Eve hums as she sways from side to side her body creating shadows on the wall behind her. "Be careful my dear, I would go but the last time I popped these babies I was on my trip for ten hours!" She cracks more laughter.

As Eve flumps over onto the ground, it takes a mere second for Gene to flutter up and land next to the crown of her head, cheeping with equal parts concern and disdain. Really.

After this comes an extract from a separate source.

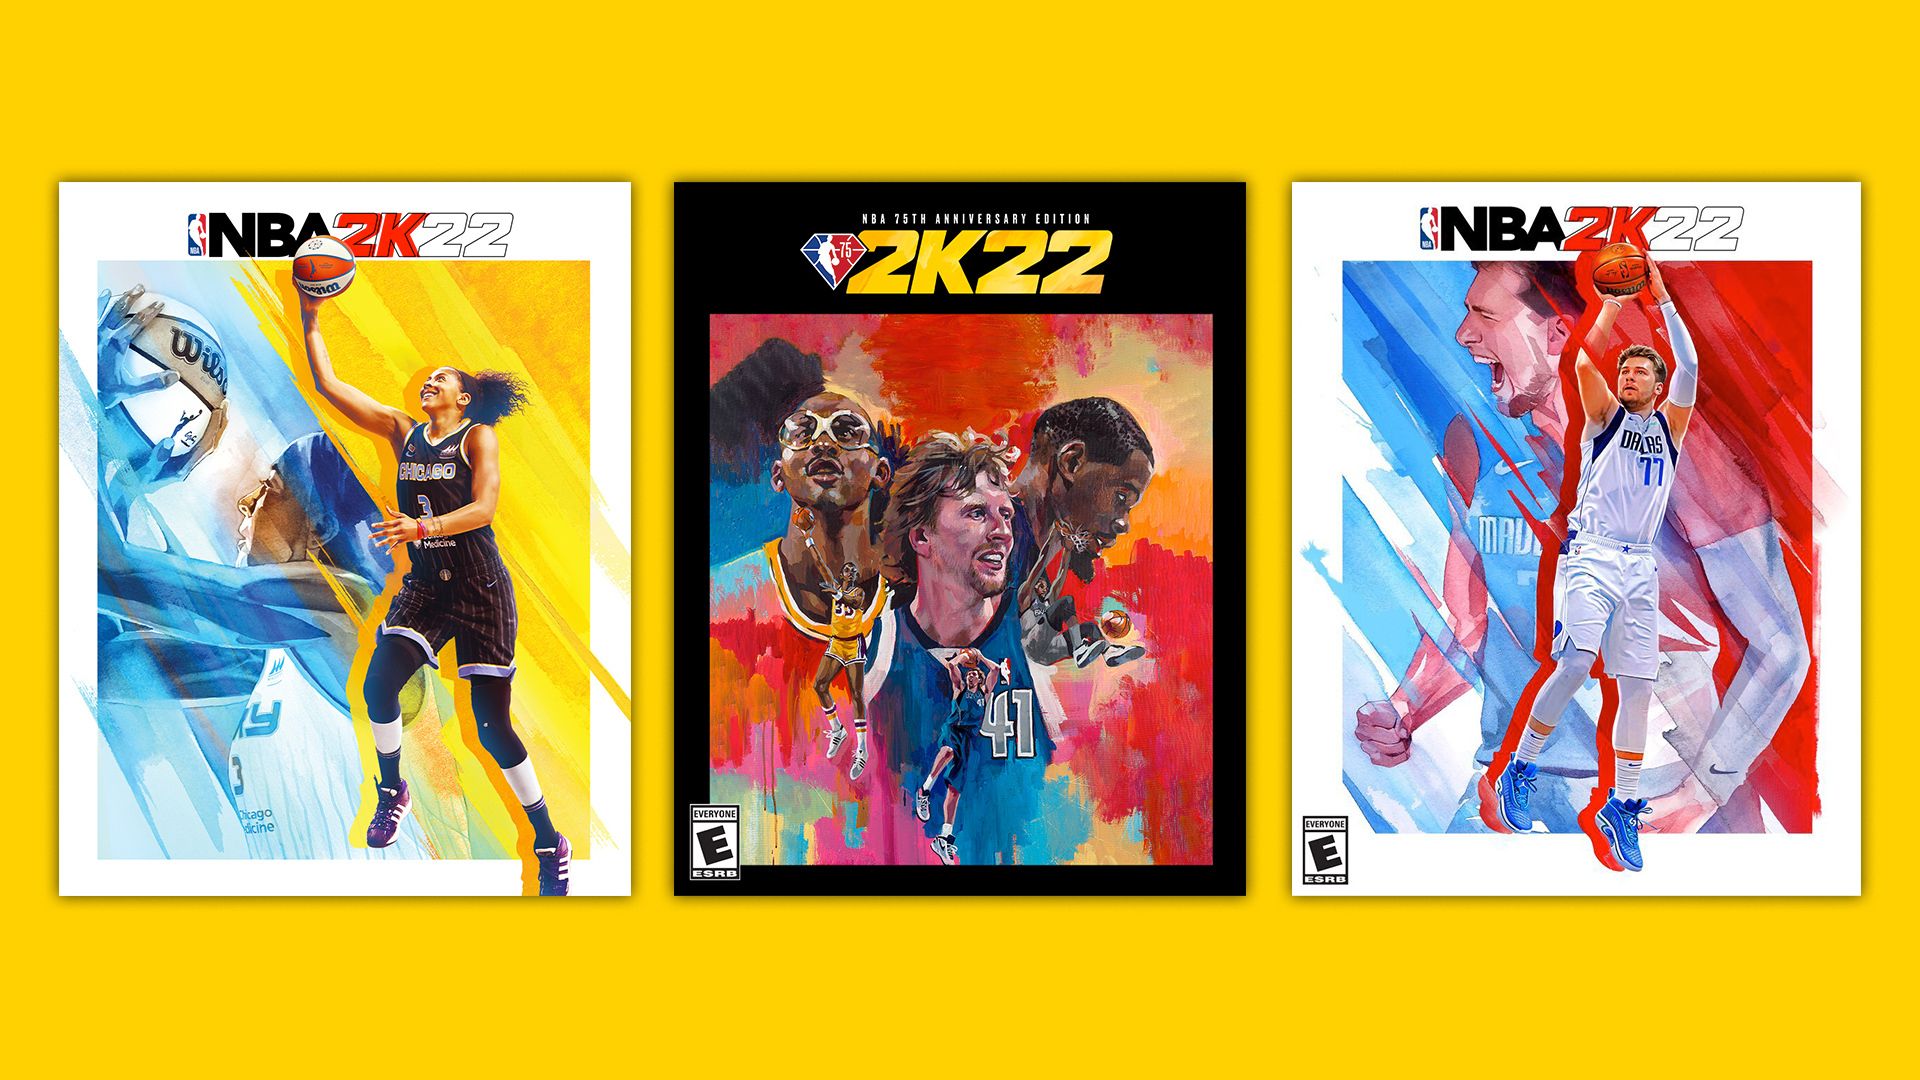 NBA 2K22 covers

Miss Mind, though. That was an idea. Gene does not know that is meant by 'Sibyl's keeper,' but if anybody could potentially help her out of this, it might indeed be Kaylee. At least this trip had not been totally wasted. Eve dissolves into another swaying laugh as the bird watches helplessly on; if there is any further communication possible between the two, it does not seem that the attempt will go far.

Oh, Eve.

Leaving the woman cackling on the floor, she is quick to slip through the same crack in the window that she had entered through, the thrumming of her little wings soon fading into the black night.

It is time to prepare for her next journey.